DIETA Y SALUD MENTAL


Publicado el 21/08/2020 - Leído 52 veces


Numerosas investigaciones realizadas a lo largo de los últimos años, han coincidido en señalar que una buena alimentación incide significativamente en el establecimiento de una buena salud mental.

Por el contrario, una dieta pobre en algunos nutrientes  conduce al empeoramiento del estado de ánimo, causando ansiedad y depresión. Estudios realizados por especialistas en un campo novedoso, como la Psiquiatría Nutricional, indican que aunque existe la creencia de que algunos consejos dietéticos para la salud mental están basados en evidencia científica sólida, es complicado demostrar que las dietas o  componentes dietéticos específicos, contribuyen a la salud mental. 

Lo cierto del caso es que los estudios, aunque a veces se han acercado a descubrir patrones de relacionamiento entre alimentación y salud mental, sus resultados aún no son concluyentes.
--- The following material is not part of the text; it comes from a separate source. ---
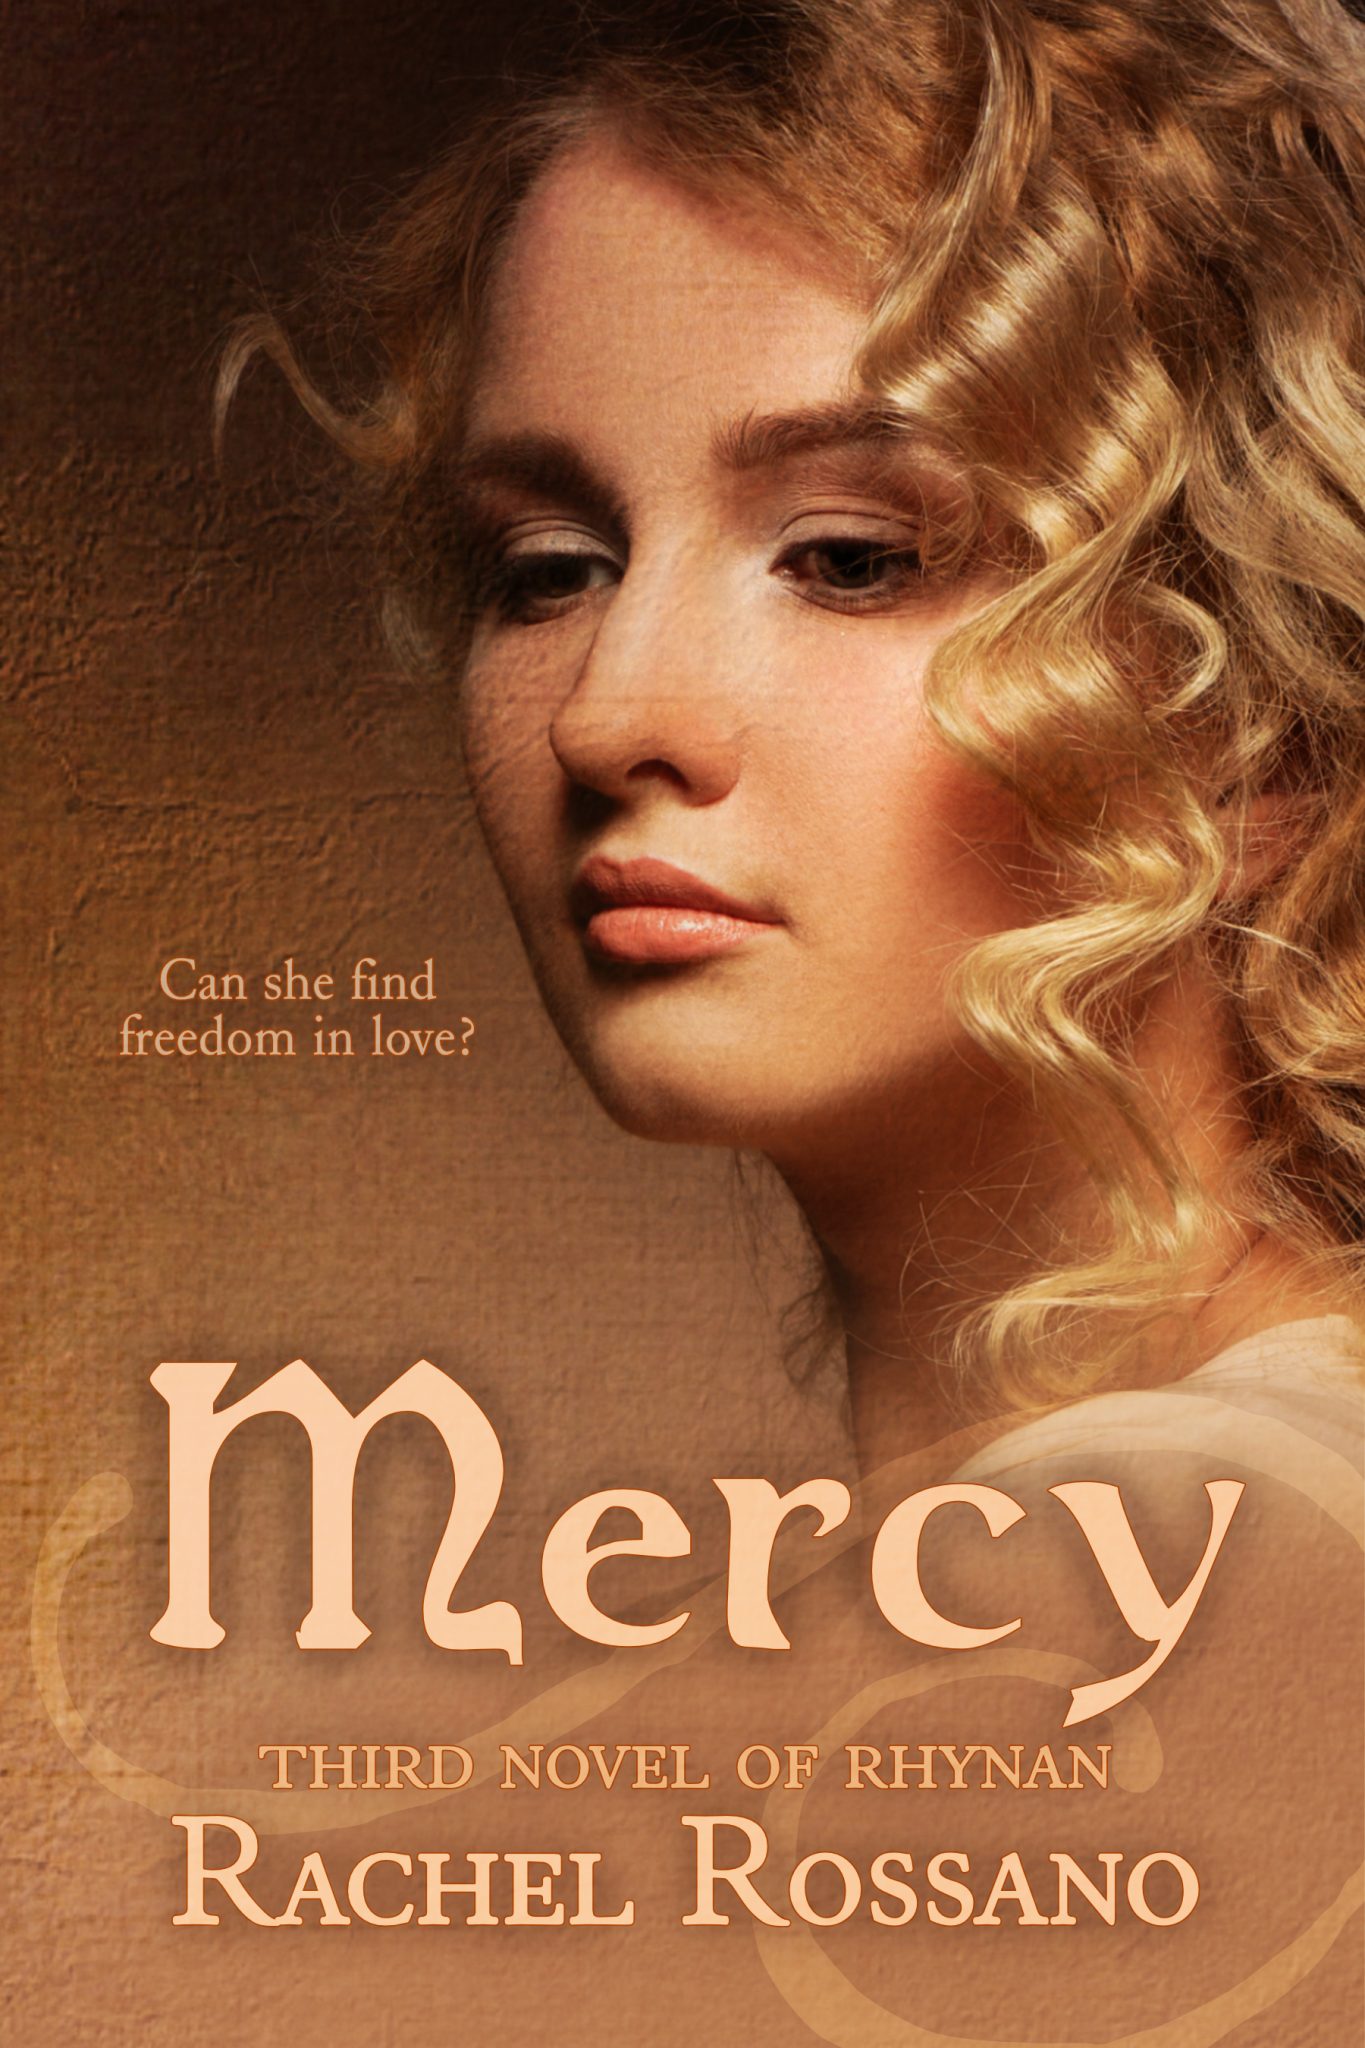 Mercy, A Story of Second Chances

Ciertas investigaciones han encontrado algunas áreas en las cuales se vinculan alimentación con salud mental. Una dieta alta en grasas y baja en carbohidratos –cetogénica-, ayuda a niños que sufren trastornos como epilepsia, o para compensar la falta de Vitamina B12 en trastornos de fatiga, mala memoria y depresión.

Los hallazgos también destacan que el seguir una dieta “mediterránea”, rica en aceite de oliva y verduras, puede aportar importantes beneficios a la salud mental, entre ellos algún grado de protección contra la ansiedad y la depresión.

Pero, como todo, la evidencia no resulta concluyente. En el caso de afecciones como el Trastorno por Déficit de Atención e Hiperactividad (TDAH), algunos estudios indican que un incremento en la cantidad de azúcar refinada en la dieta, puede dar lugar a un incremento de la hiperactividad; mientras que alimentarse con frutas y verduras, aleja esos síntomas. 
Otros especialistas también han señalado que por lo general, algunos pacientes que sufren de depresión, presentan deficiencia de un aminoácido llamado triptófano, el cual no es producido por el organismo, y que está presente en alimentos como carnes magras, chocolate, huevos y almendras.

Alimentarse entonces ya no será tan solo para satisfacer la sensación de hambre. En algún momento las investigaciones demostrarán qué tipo de comida es la que puede hacerte feliz, y cuál es la que realmente atenta contra tu bienestar mental.